Aims

This tutorial is about the use of experimental data, in particular NMR data, either as collective variables or as replica-averaged restraints in MD simulations. While the first is a just a simple extension of what we have been already doing in previous tutorials, the latter is an approach that can be used to increase the quality of a force-field in describing the properties of a specific system.

Learning Outcomes

Once this tutorial is completed students will:

know why and how to use experimental data to define a collective variable
know why and how to use experimental data as replica-averaged restraints in MD simulations

Resources

The tarball for this project contains the following:

system: the files use to generate the topol?.tpr files of the first and second example (the setup is for simulations in vacuum)
first: an example on the use of chemical shifts as a collective variable
second: an example on the use of chemical shifts as replica-averaged restraints
third: an example on the use of RDCs (calculated with the theta-method) as replica-averaged restraints

Instructions

Experimental data as Collective Variables

In the former tutorials it has been often discussed the possibility of measuring a distance with respect to a structure representing some kind of state for a system, i.e.

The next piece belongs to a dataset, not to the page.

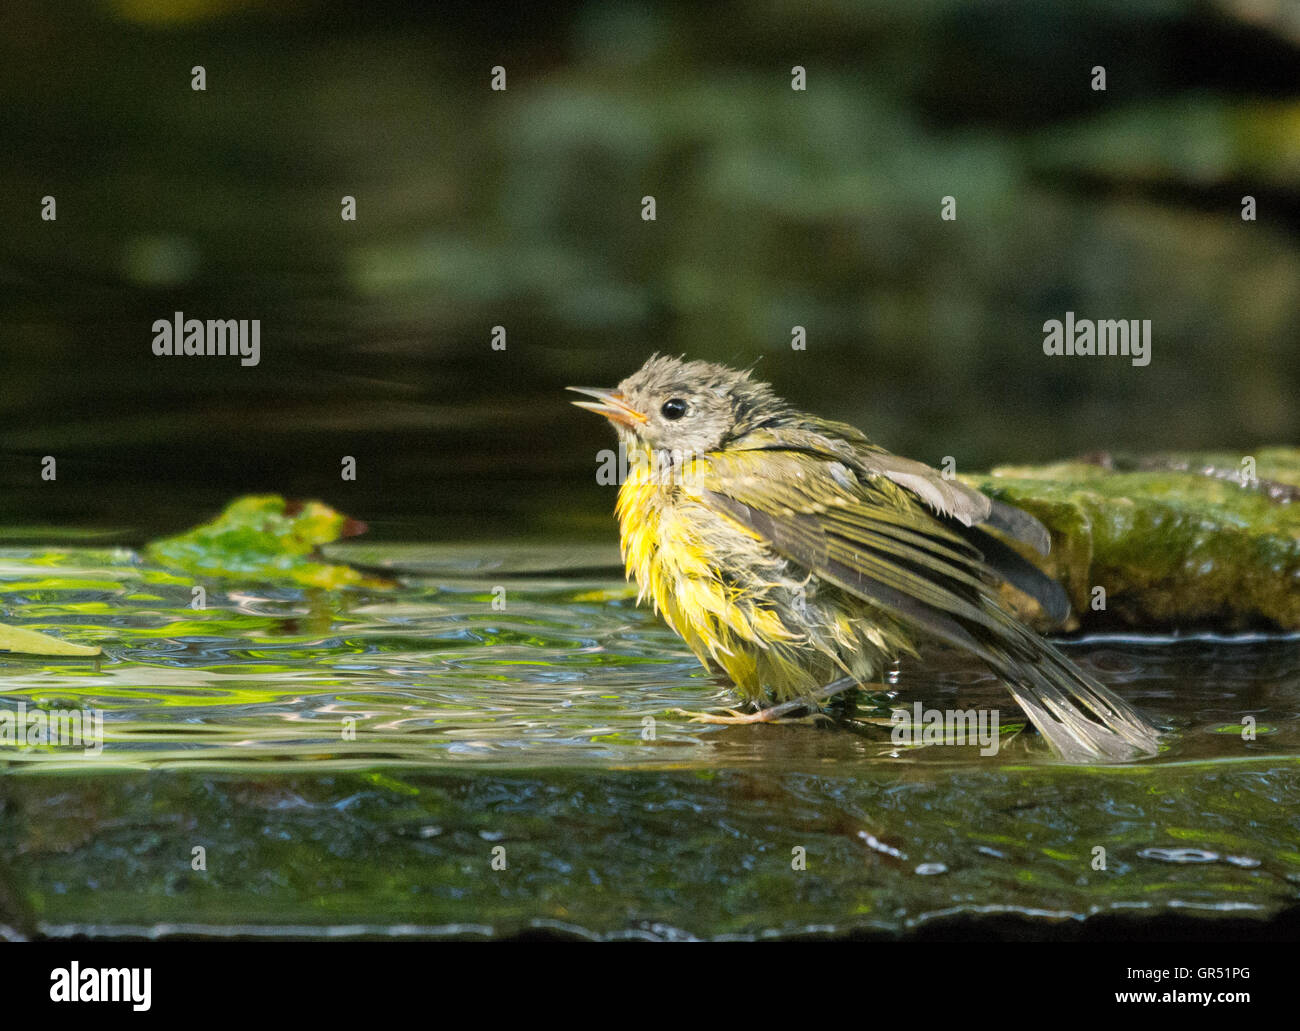 Warbler taking a bath in a birdbath Stock Photo

Belfast tutorial: Out of equilibrium dynamics. An alternative possibility is to use as a reference a set of experimental data that represent a state and measure the current deviation from the set. In plumed there are currently implemented the following NMR experimental observables: Chemical Shifts (only for proteins) CS2BACKBONE, NOE distances, JCOUPLING, PRE intensities, and Residual Dipolar couplings/pseudocontact shifts RDC.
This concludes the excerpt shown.